> [Dataset entries]
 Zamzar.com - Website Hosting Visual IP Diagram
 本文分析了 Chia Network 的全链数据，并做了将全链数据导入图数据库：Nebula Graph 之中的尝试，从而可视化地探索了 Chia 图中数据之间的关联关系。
---
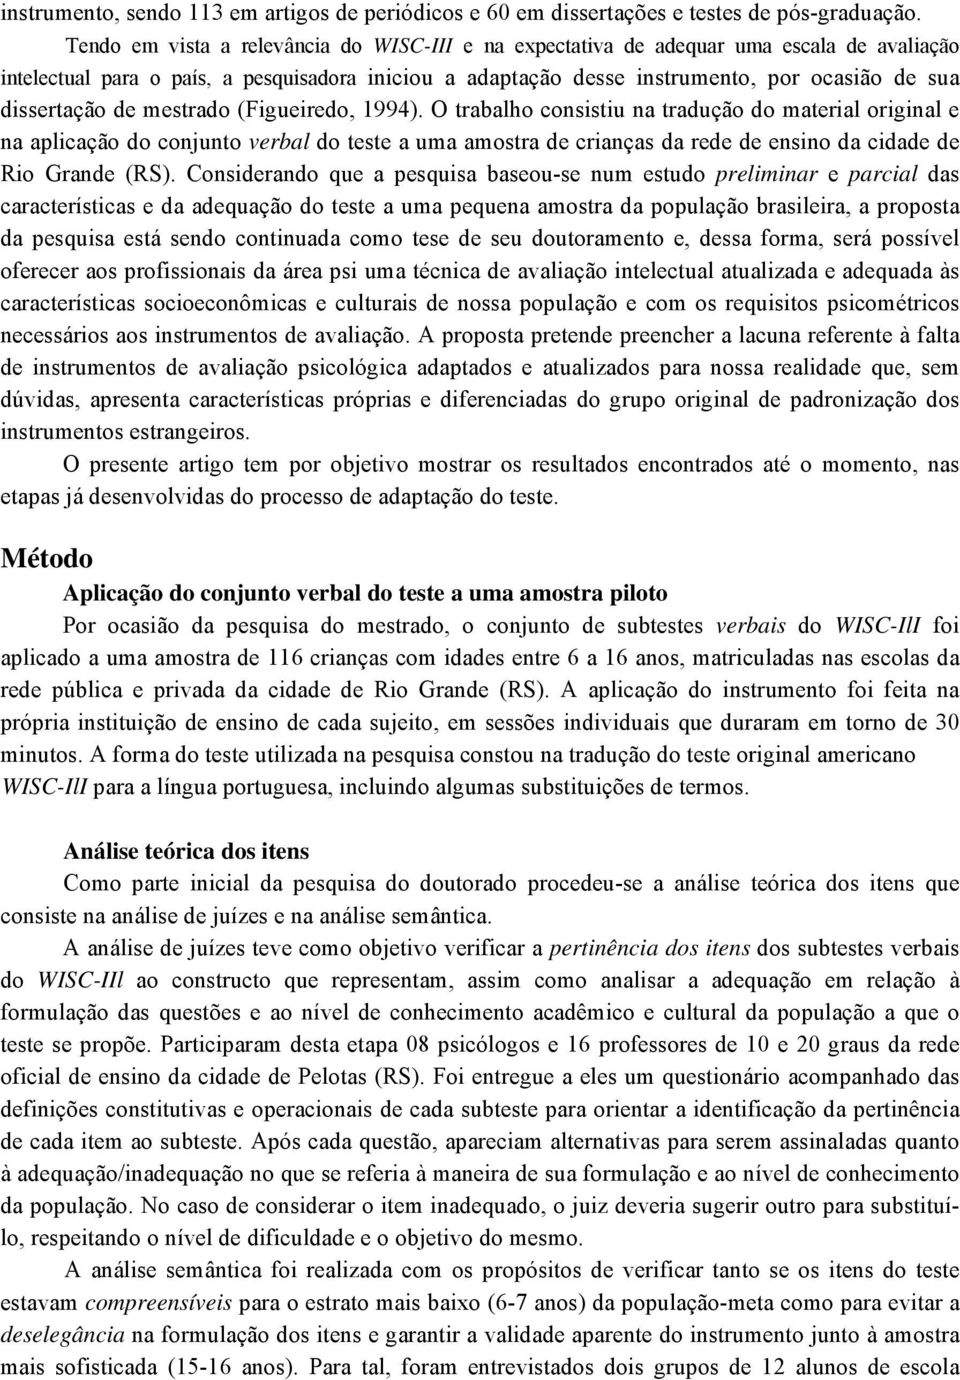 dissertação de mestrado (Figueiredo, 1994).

> [Directions for this task] Print again the lines of the entries above that fall between the line holding "Zamzar.com - Website" and the line holding "本文分析了 Chia Network", inclusive, exactly as they stand.

> [The answer]
 Zamzar.com - Website Hosting Visual IP Diagram
 本文分析了 Chia Network 的全链数据，并做了将全链数据导入图数据库：Nebula Graph 之中的尝试，从而可视化地探索了 Chia 图中数据之间的关联关系。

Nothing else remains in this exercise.